Indexed Universal Life Insurance
A flexible premium universal life product with an indexed feature. An Indexed Universal Life policy (IUL) functions similarly to universal life; however, the client can choose to allocate their policy’s values into a Fixed Account or an Indexed Account. An IUL also supplies a floor that ensures your cash value will not decrease because you are not directly invested in the market.
How does Indexed Universal Life insurance work?
When you pay your IUL premium, you have the flexibility to choose between a minimum and maximum amount. The premium goes in to the Fixed Account where premium expenses are deducted.

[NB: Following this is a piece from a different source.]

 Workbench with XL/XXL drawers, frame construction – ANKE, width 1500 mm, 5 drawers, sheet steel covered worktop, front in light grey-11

The remainder has the potential to build policy cash value that can be accessed through policy loans and withdrawals**. This account value is allocated between the Fixed Account and Indexed Accounts based on your instructions.
Why is this important?
|Premium flexibility||The ability to increase or decrease premiums in the future to accommodate your budget or cash flow needs.|
|Death benefit flexibility||The option to adjust the policy’s death benefit should your life insurance protection needs change in the future.|
|Builds cash value||
Accumulates valuable long-term cash values for future cash needs such as helping fund a child’s college education, paying off your mortgage early, funding a business opportunity or supplementing retirement income.
Life insurance death proceeds are paid out income-tax free and the IUL policy’s cash values accumulate tax-deferred, an important feature when you consider how taxation can have an adverse effect on your savings growth potential.

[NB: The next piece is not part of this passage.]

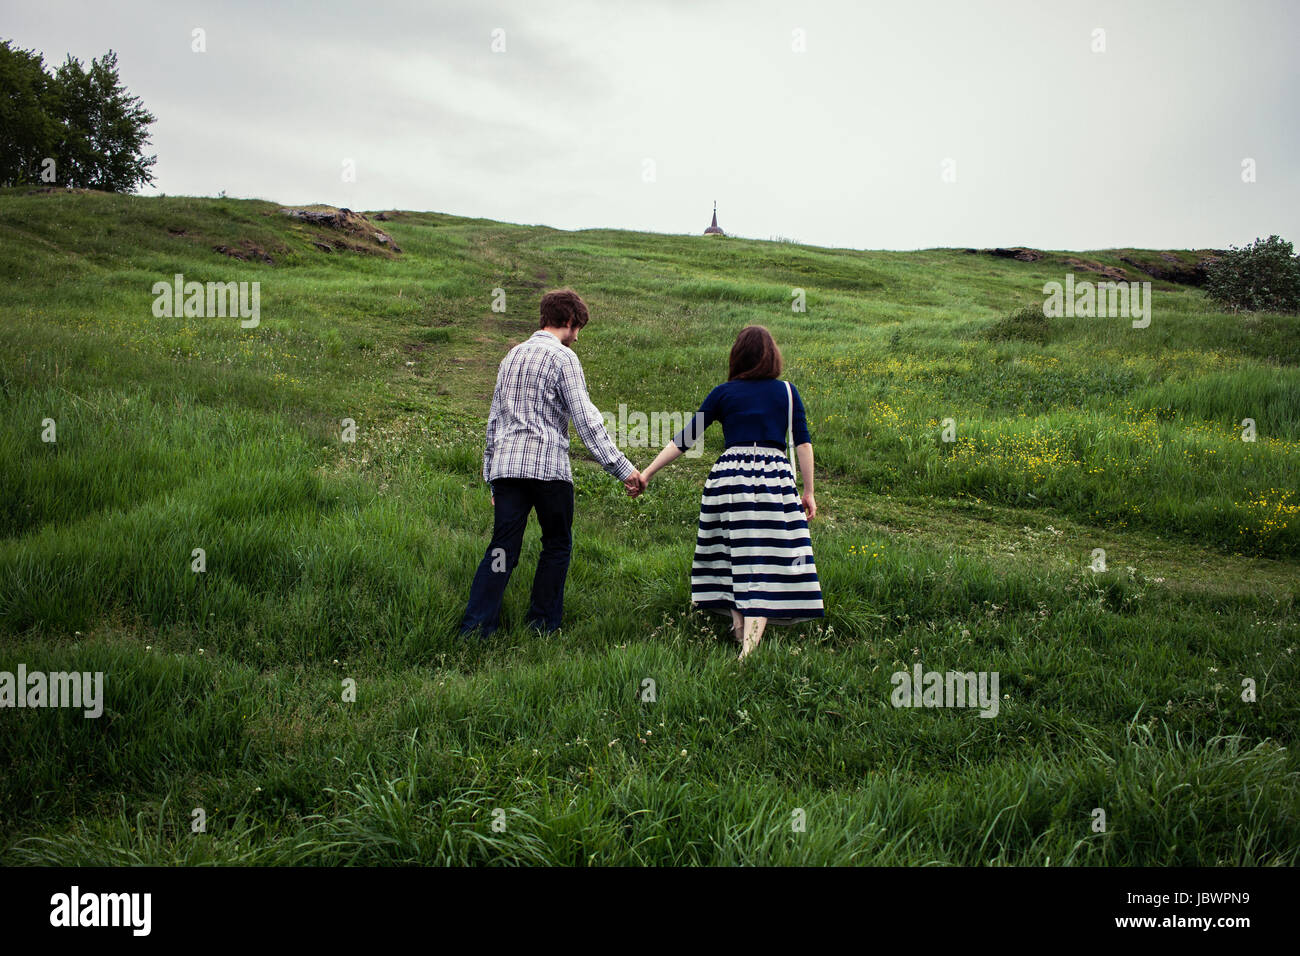 Couple walking up grassy hill, holding hands, rear view Stock Photo

|Favorable loan feature||The ability to access the IUL policy’s cash value tax-free through policy loans allows you to maximize your cash needs without sacrificing valuable life insurance protection. (Loan balances will reduce the death benefit.)|
The option to design an IUL policy that reflects your particular needs and situation.
** Indexed Universal Life Insurance may be subject to the risk that the return on the investment may not rise as quickly as projected. The policy will require monitoring to ensure the policy does not lapse during low returns. Caps and participation rates limit full participation in the success of the market. Fees can increase over time and may eat into the payments made or the value of the cash account.